China announced a temporary nationwide ban on the trade of wild animals on Sunday for the duration of the Wuhan coronavirus outbreak.
In a joint statement released by the country’s market regulator, agriculture ministry and forestry bureau, the sale of wildlife in markets, supermarkets, restaurants and e-commerce platforms has been banned with immediate effect.
The transport of wild animals has also been barred and any place that breeds wildlife will need to take steps to isolate the animals.

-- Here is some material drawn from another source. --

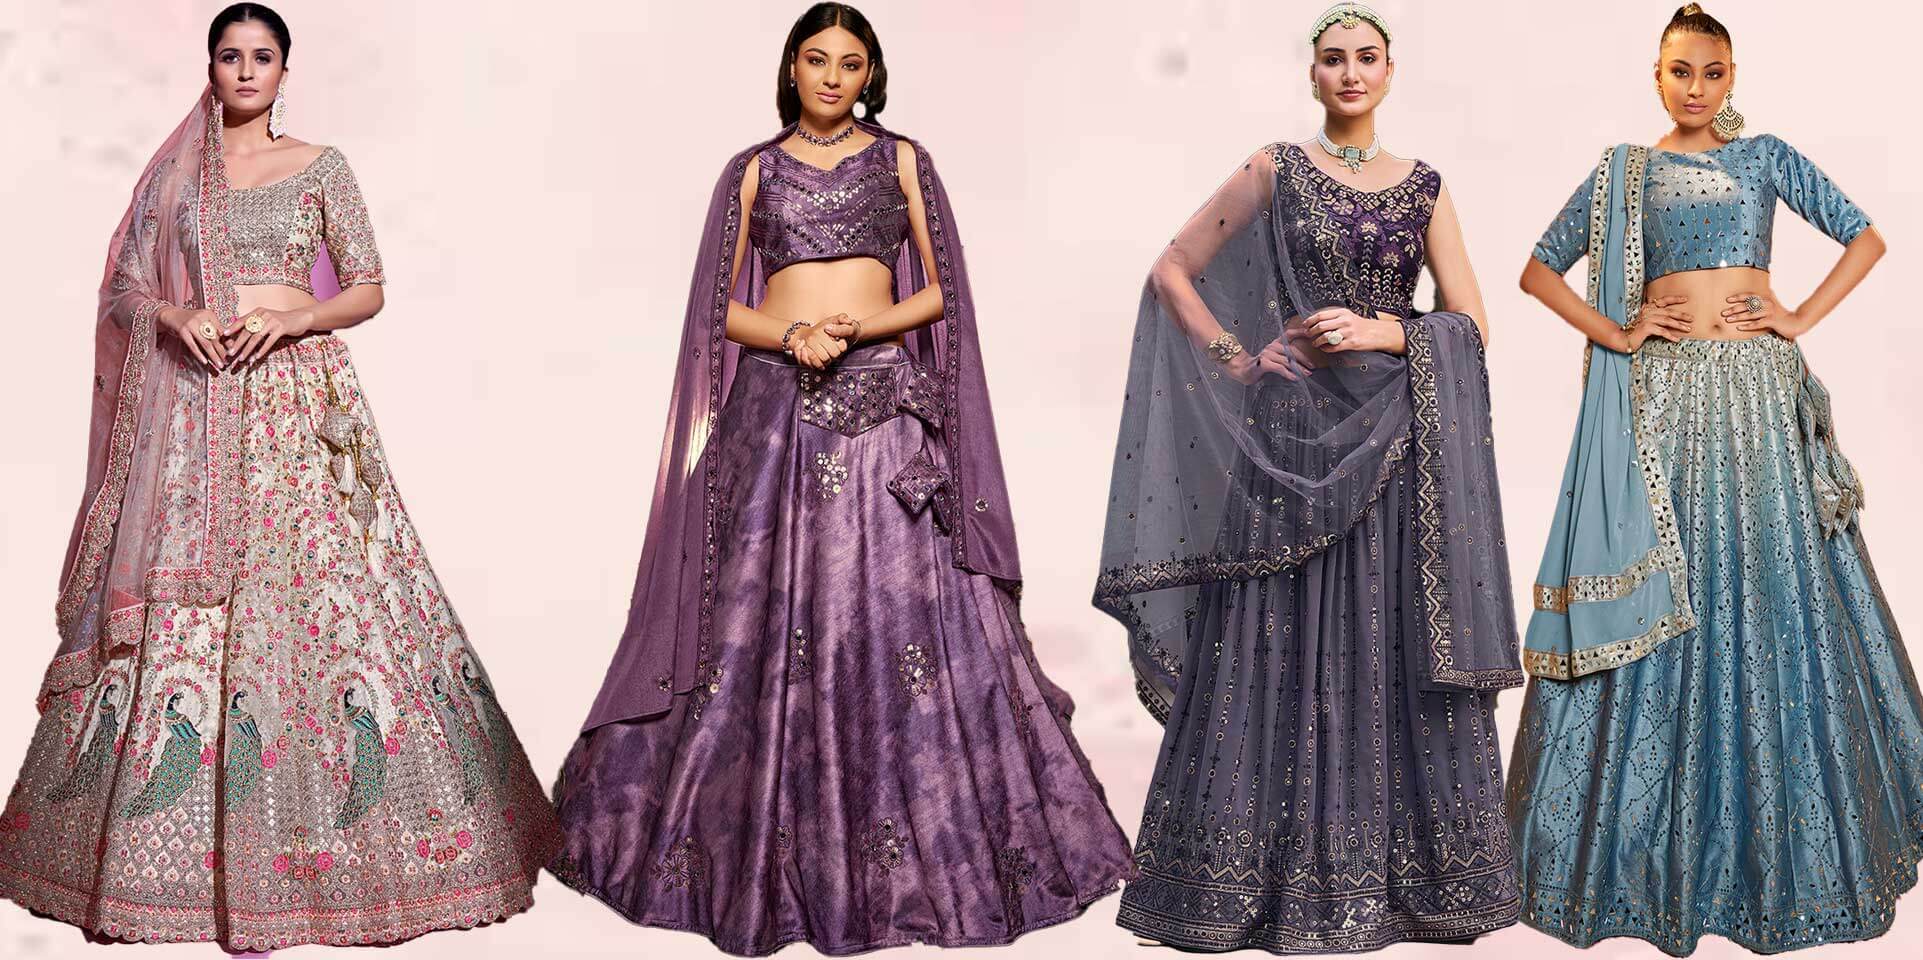 What is the Best Place to Buy Bollywood Lehenga in USA Online?

Authorities also called on citizens to call the national consumer hotline at 12315 to report any instance of wrongdoing.
Local departments have also been ordered to step up checks and punish all businesses that have been found to break the rules.
Netizens demand a permanent solution
Chinese netizens applauded the government’s move but say the stopgap measure does not quite go far enough.
“I thought this was going to be a permanent ban, but when I looked closer, WTF,” wrote a 26-year-old man from Fujian. “What use is it it to ban wildlife trade just for the duration of the outbreak? Now is not the time for semantic games. Maybe some high-ranking officials like to eat wildlife themselves and therefore can’t bring themselves to ban it outright.”
“It’s all too late,” said a 64-year-old man working in the legal sector in Nantong, Jiangsu province. “We should have done this way back in 2003 right after SARS. The price we’re paying for not learning that lesson is way too high.”
Why a crackdown on wildlife trade is crucial
Scientists say that markets where multiple species of wildlife are kept together in the same space present fertile ground for dangerous viruses to jump from one species to another, mutating along the way and eventually finding a human host.
The 2003 outbreak of severe acute respiratory syndrome (SARS) was traced to a wild market in Guangzhou where civets were kept.
Scientists believe the Wuhan coronavirus outbreak originated in the Huanan Seafood Wholesale Market where cats, dogs, snakes, turtles, rabbit, monkeys and civets were reportedly sold and prepared for consumption in highly unhygienic conditions.
The market was shut down early January after a number of people working at the market came down with pneumonia.
On Sunday, a plea by Shijiazhuang-based kidney specialist Dr. Zhang Lei to stop eating wildlife went viral on Sina Weibo, gaining over 100,000 shares in less than a day.
“All these wild animals that you thought are full of nutrition are actually full of viruses,” he wrote. “Not only do they taste not that great, they are really downright toxic.”
In most developed countries, the slaughter of animals is only legal in licensed abbatoirs that meet stringent public health regulations and there are strict rules to follow in the destruction of sick animals and the disposal of carcasses and animal waste.
As of Jan 26, 9.30pm, the Wuhan coronavirus epidemic has claimed 56 lives and infected 2,074.